So that where Clericalism rules there will be a strong movement against
Woman Suffrage, because it will be thought to be a source of danger, as
by means of it the Clericals would receive such an increase of support
that the political class struggle of the proletariat would for a long
time be in danger. It would be foolish to deny that directly Woman
Suffrage was granted, a certain number of women would at once give their
votes to reactionary candidates, and so strengthen the party of
reaction. But that is no reason for withholding the vote from women. If
it were so, the proletariat ought never to agitate for an extension of
the Suffrage. For every fresh democratisation of the Suffrage allows
large masses of men to take part in voting whose political education is
imperfect, and who have not yet been properly trained as to how they
should vote. But we ask for Universal Suffrage, not as a means for a
political dodge, but as a working means of training and organising the
masses properly.

If we acted otherwise we should always have to disfranchise a large
number of citizens. The “Revue Socialiste” had a series of articles on
this question of granting the Suffrage to women. Comrades from different
countries sent contributions, and they were all agreed that the
backwardness of women from a political point of view was no reason not
to give them the vote, because the very possession of that right would
act as a corrective to the danger. Allemane, for the French Socialists,
Ferri for the Italian, Keir Hardie and MacDonald for the English, and
Kautsky and Bernstein for the German, all took the same view of the
question. This alleged danger of Woman Suffrage to the cause of the
proletariat affords no ground for an alteration of the programme of
Social-Democracy.

But now there is another point to be considered.

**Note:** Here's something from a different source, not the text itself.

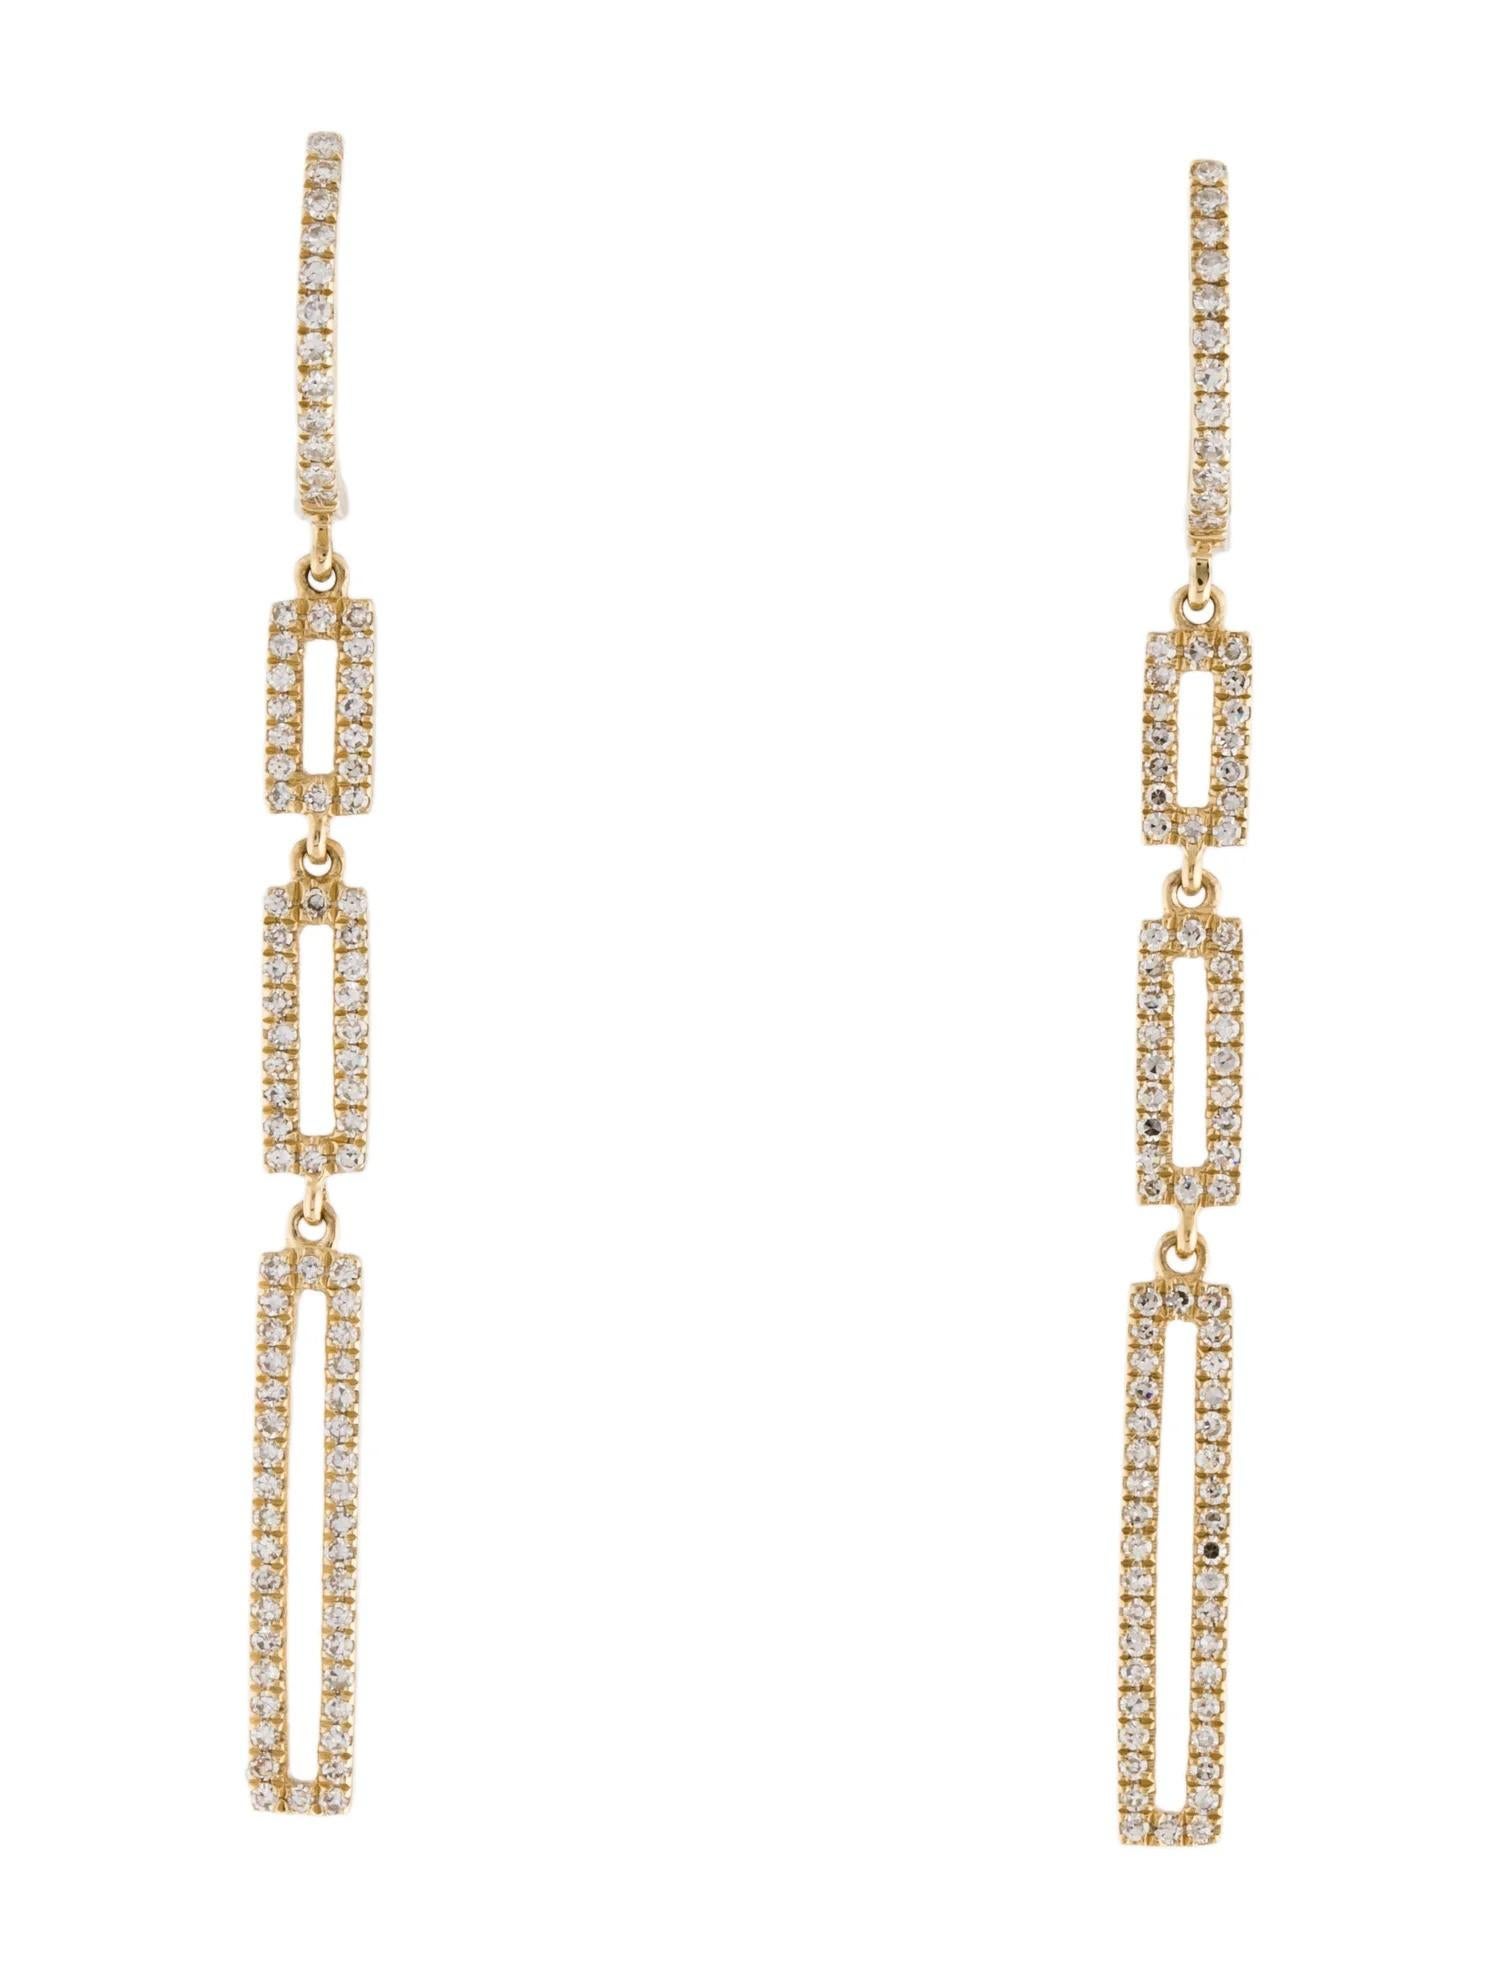 0.41 Carat Diamond Drop Link Yellow Gold Earrings  In New Condition For Sale In Great Neck, NY

The action of the
Social-Democracy with reference to Woman Suffrage is more and more
energetic and thorough, and the question that arises is whether we
weaken the danger of the granting of a partial Woman Suffrage by
agitating as we do for Universal Suffrage. But to that I reply that by
carrying on a propaganda of enlightenment and organisation of working
women we shall so improve the political knowledge and outlook of these
women that it will be impossible for reaction ever to reckon on the
support of women’s votes. After, however, making that point clear, there
are yet, in many countries, comrades who have worked hard in order to
obtain Universal Suffrage for men, and who are doubtful whether it is
wise at present to agitate for Woman Suffrage. That we saw in Belgium in
1902, where the Labour Party, in their struggle for equal Universal
Suffrage, gave up the agitation for Woman Suffrage, on the ground that
the Liberals declared they would not support the demand for a reform of
the Suffrage unless the Socialists gave up the demand for Woman
Suffrage. What happened then? The Labour Party in Belgium, in their
campaign in and out of Parliament for the advocacy of equal Universal
Suffrage, was most shamefully deserted by the Liberal Party. There has
been no practical result, though the demand for Woman Suffrage was
abandoned. The same kind of thing happened this year in Sweden. Under
the stress of the agitation of the Socialist Party, the Government
promised to bring in a Bill for the extension of the Suffrage, but they
had previously declared, when asked by the leaders of the middle-class
partisans of Woman Suffrage, that if they did so they would also bring
in a Bill establishing a modified form of Woman Suffrage. The
Social-Democratic Party then determined not to ask for Woman Suffrage,
but to vote for it if that measure was advocated by another party. The
measure for the reform of the Suffrage was passed by the popular
Chamber, but was wrecked by the Upper House. Though the working men had
reduced their demands, yet the Socialists were left in the lurch by the
middle-class parties. The abandonment of the principal demand led to no
practical result. Comrade Branting declared recently that the struggle
would enter into a new phase, and that a reform of the Upper House would
be demanded, and he finished by saying that this struggle would be one
of great importance, as it would be a struggle between the power of the
classes possessing property and those having none, and that the
proletariat must use all its power in the struggle. But a struggle which
is to be so important, and which is to have such far-reaching
consequences, must be fought on the question of principles, and not
carried on in any petty opportunist manner; it must be a fight for
universal, equal Suffrage for both men and women. A similar situation
has also occurred in Austria. Here the proletariat, after a long, weary
struggle of ten years, has at last compelled the Government to grant a
complete reform of the Suffrage, to bring in a measure to establish
universal, equal and direct Suffrage for the elections to the
Reichsrath, and to do away with the system of class voting which
weakened completely the political power of the proletariat in
Parliament. The reform in the Suffrage is important, but it does not
meet the demands of the Social-Democracy. In this situation the Austrian
comrades have determined that it is highly important to secure Universal
Suffrage for men, and, as the attainment of this object appears to be
endangered by the agitation in favour of Woman Suffrage, they have
determined not to agitate for that reform. The Austrian Social-Democracy
has thus weakened itself by using all its power against the Government,
though they think that by leaving Woman Suffrage aside they will the
easier obtain Manhood Suffrage. I do not know how the idea originated
that by foregoing the demand for Woman Suffrage they would more easily
obtain the votes for men. The greatness of the reform to be obtained is
one which, indeed, will require all the force of the proletariat, but I
cannot see how it would have been hindered, in any way, by also pressing
forward the claims of women. We must all recognise the discipline of our
female Austrian comrades, and the help which they have given when they
accepted the decision of the party; but it is still, to my mind, an open
question whether this decision was necessary.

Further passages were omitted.